Parte actora: un matrimonio clientes minoristas

Parte demandada: Banco Santander, S.A.

Objeto de la Sentencia

RESUMEN:

La presente sentencia versa sobre la contratación por parte de un matrimonio con Banco Santander de un swap o permuta financiera, en concreto, en su variante de swap de tipos de interés.
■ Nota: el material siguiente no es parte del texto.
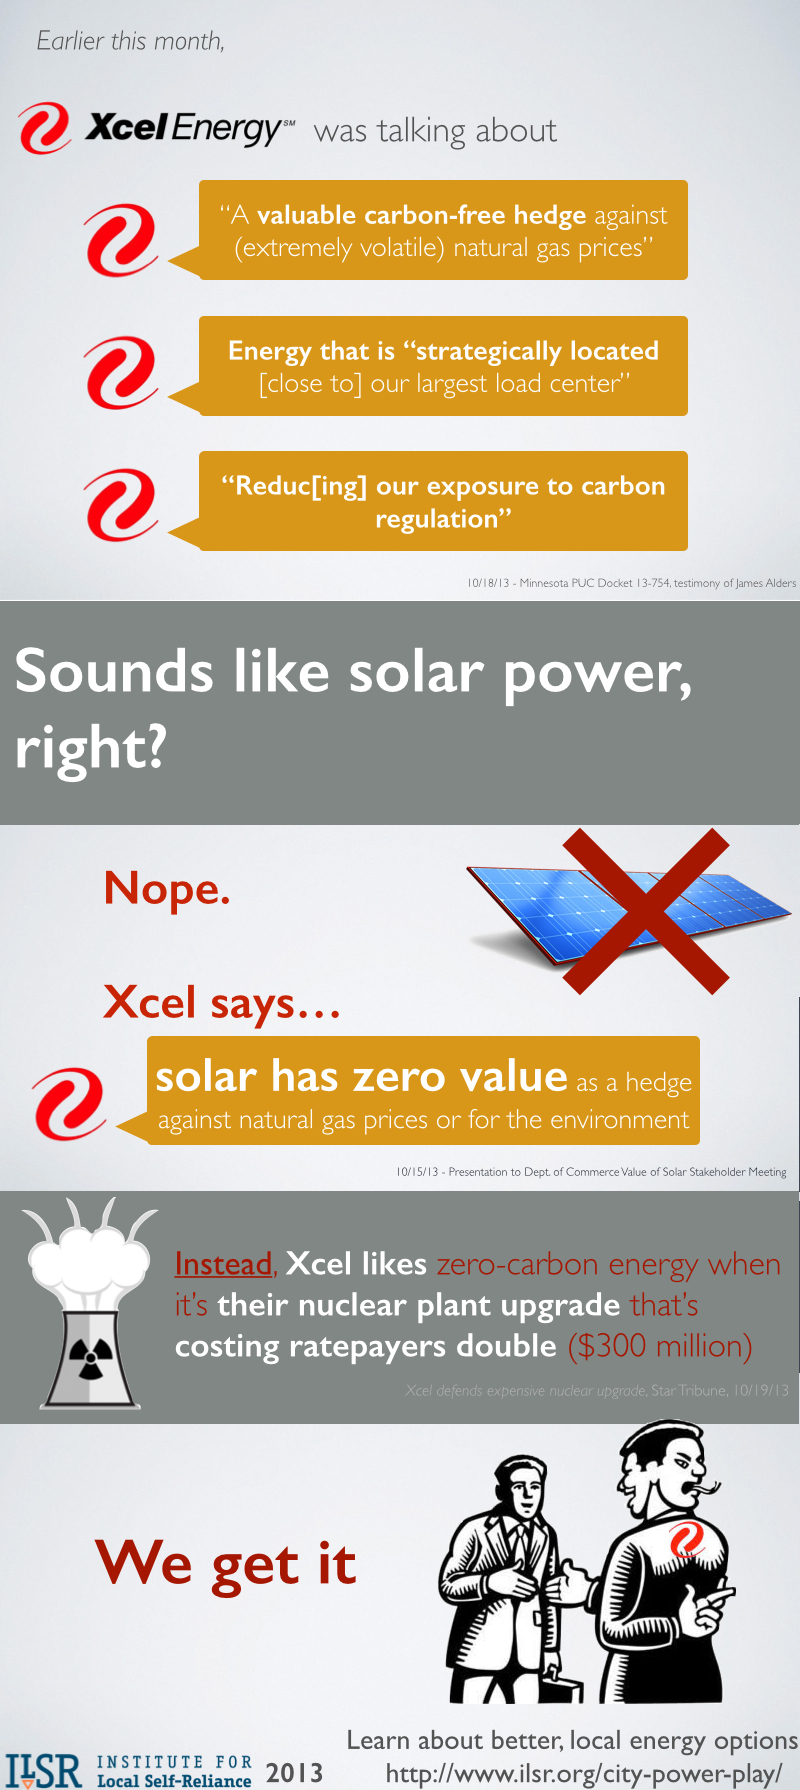 Xcel Two-Faced on Value of Solar Power

Mientras que la parte demandante solicita la declaración de nulidad contractual (arts. 4261 y ss CC en relación con os arts. 1300 y ss CC) del contrato denominado Tipo de interés Collar, el cual fue vendido como un seguro que los protegería frente a subidas del tipo de interés, la parte demandada pretendía alegar la excepción de caducidad y aducir la inexistencia de error en el consentimiento.

No obstante, se trata de productos financieros complejos, los cuales deben negociarse en un contexto determinado ex lege en el cual se suministre una suficiente información que permita prestar un consentimiento válido.
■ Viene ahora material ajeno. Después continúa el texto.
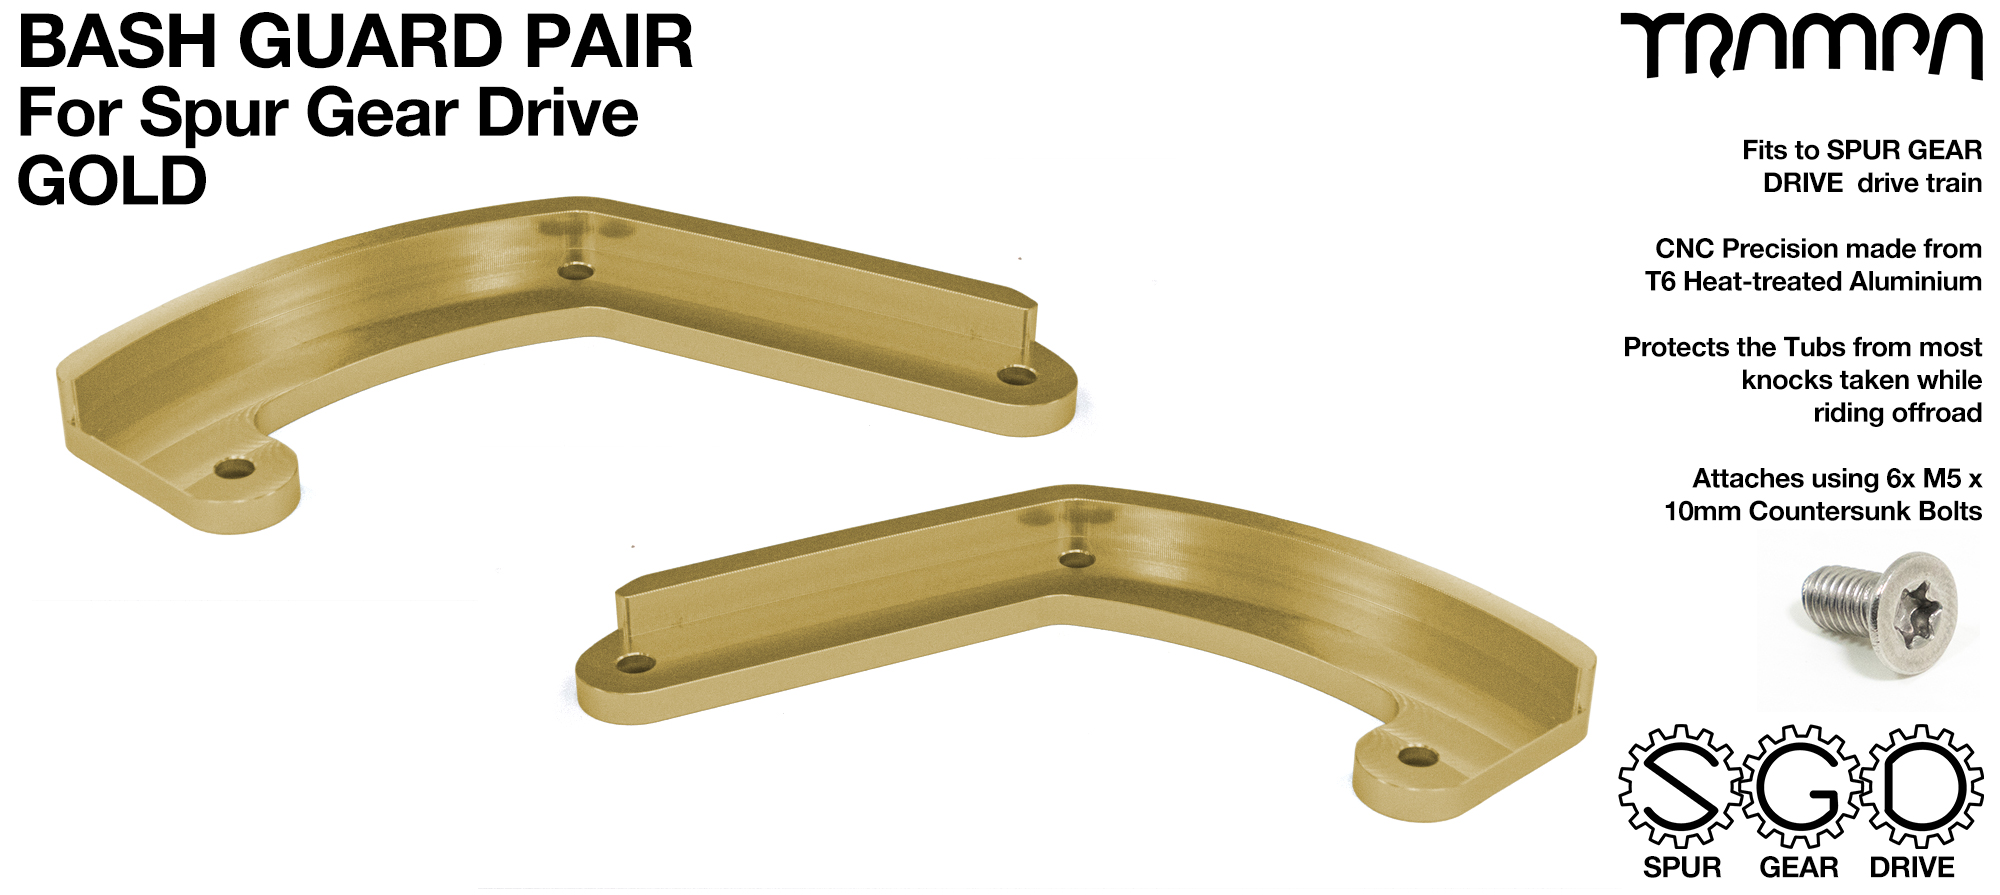 MkII Spur Gear Drive Bash Guards PAIR - GOLD

El juzgador de instancia, en el fundamento tercero de la sentencia, expone las principales características de este tipo de productos financieros, a tenor de la síntesis efectuada por la Sentencia de la Audiencia Provincial de Huelva (Sección 1ª) de 25 de abril de 2012:

a)Se trata de un contrato atípico, mas válido conforme el art. 1255 CC

b) Es un contrato consensual, bilateral, generador de recíprocas obligaciones

c) Es un contrato complejo tal como se infiere del art. 79 bis.8 de la Ley 24/1988, de 28 de julio (y múltiple jurisprudencia aportada que ratifica tal afirmación). Por lo cual, exponía la SAP “aunque la iniciativa de contratarlo parta del cliente, la entidad bancaria debe llevar a cabo el “test de conveniencia” del art. 73 del Rea Decreto 217/2008, de 15 de febrero”.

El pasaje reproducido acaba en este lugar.